Cintas uses interest rate locks to manage our overall interest expense as interest rate locks effectively change the interest rate of specific debt issuances. The interest rate locks are entered into to protect against unfavorable movements in the benchmark treasury rate related to forecasted debt issuances. Cintas used interest rate lock agreements to hedge against movements in the treasury rates at the time Cintas issued its senior notes in fiscal 2007, fiscal 2012, fiscal 2013 and fiscal 2017. The amortization of the cash flow hedges resulted in a decrease to other comprehensive income of $0.3 million for both the three months ended February 28, 2019 and 2018. For the nine months ended February 28, 2019 and 2018, the amortization of the cash flow hedges resulted in a decrease to other comprehensive income of $0.9 million and $0.6 million, respectively. During the first quarter of fiscal 2019, Cintas entered into interest rate lock agreements with a notional value of $500.0 million for a forecasted debt issuance. As of February 28, 2019, the fair value of these interest rate locks was a liability of $8.5 million that was recorded in current accrued liabilities and in other comprehensive income, net of tax.

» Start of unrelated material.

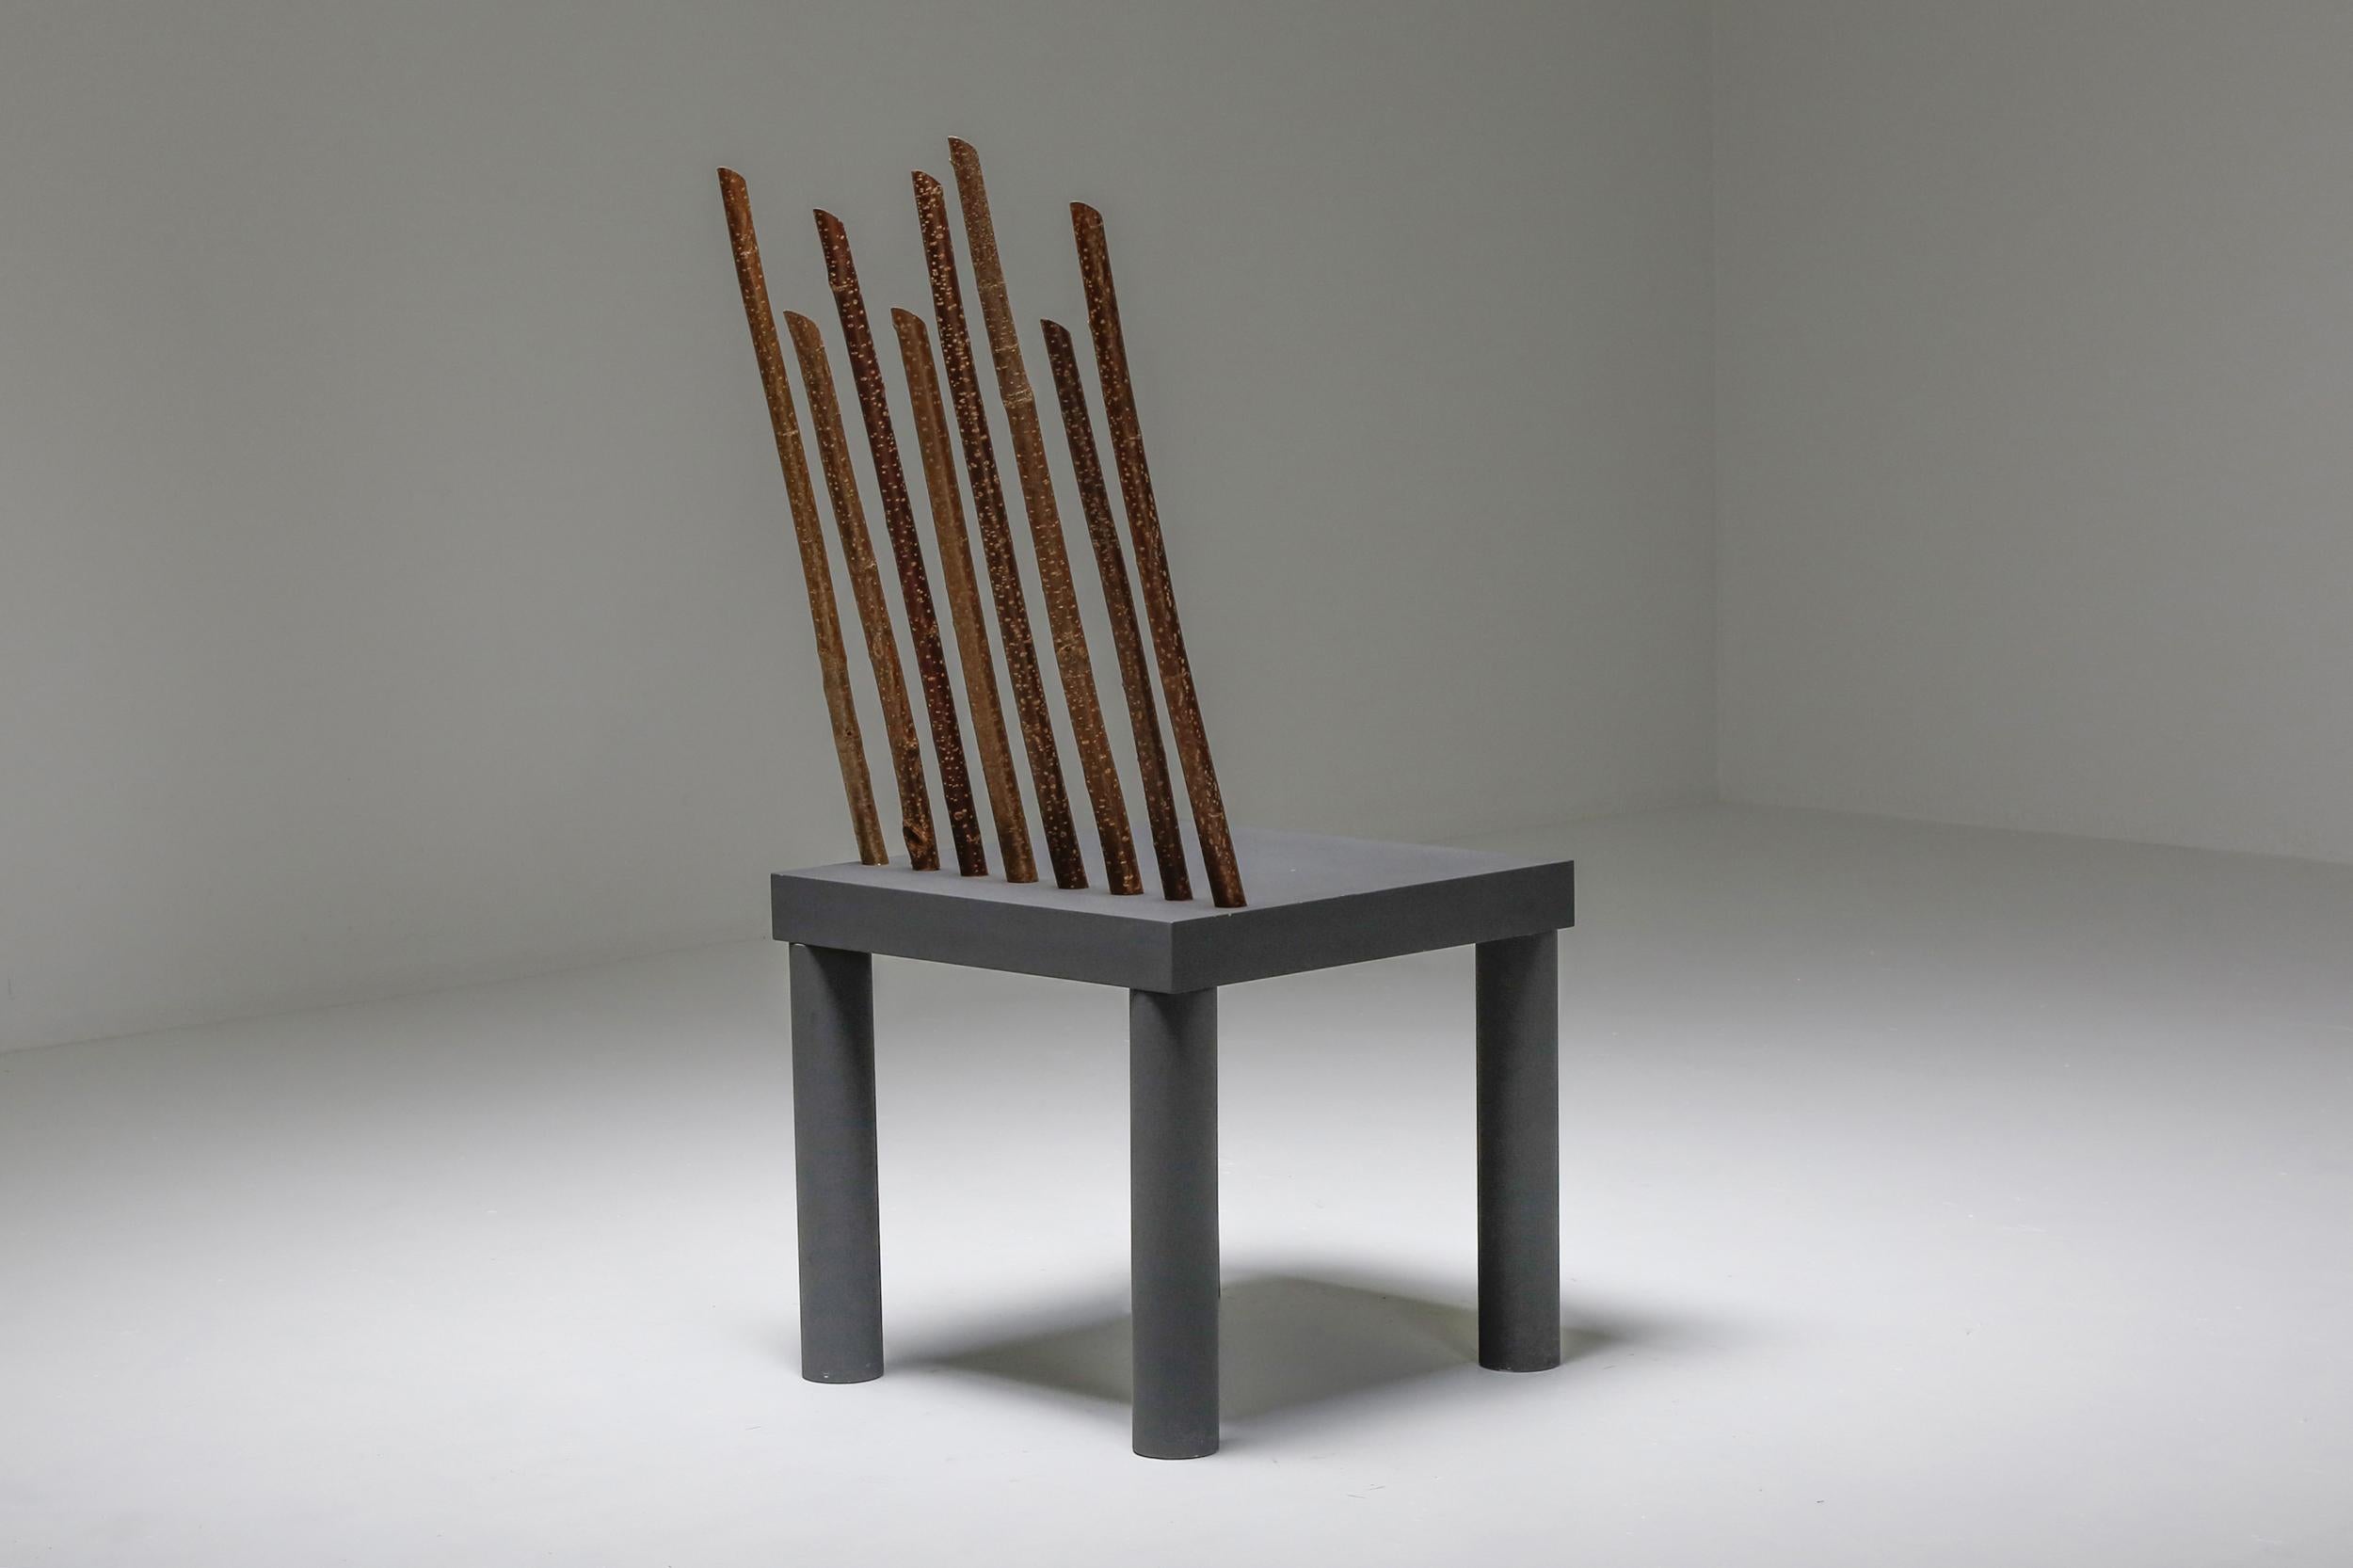 Post-Modern Andrea Branzi Chair from the Animali Domestici Series
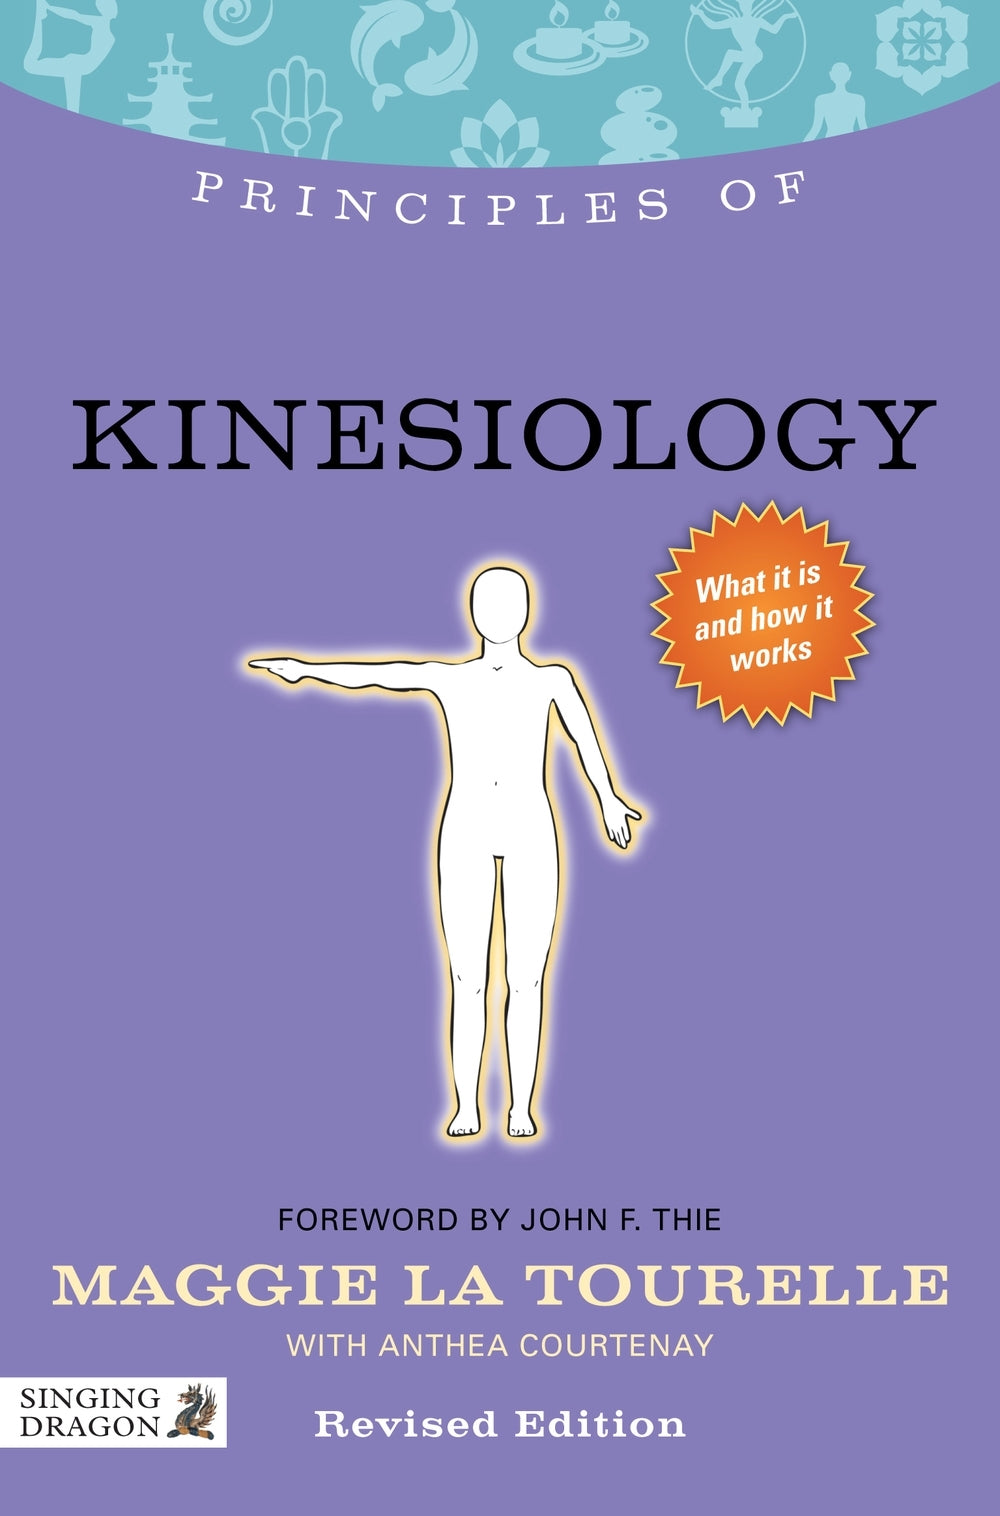 Principles of Kinesiology by John F. Thie, Maggie La La Tourelle

These interest rate locks had no impact on net income or cash flows from continuing operations for the three and nine months ended February 28, 2019.

Cintas has certain covenants related to debt agreements. These covenants limit Cintas’ ability to incur certain liens, to engage in sale-leaseback transactions and to merge, consolidate or sell all or substantially all of Cintas’ assets. These covenants also require Cintas to maintain certain debt to consolidated earnings before interest, taxes, depreciation and amortization (EBITDA) and interest coverage ratios. Cross-default provisions exist between certain debt instruments. If a default of a significant covenant were to occur, the default could result in an acceleration of the maturity of the indebtedness, impair liquidity and limit the ability to raise future capital. Cintas was in compliance with all debt covenants for all periods presented.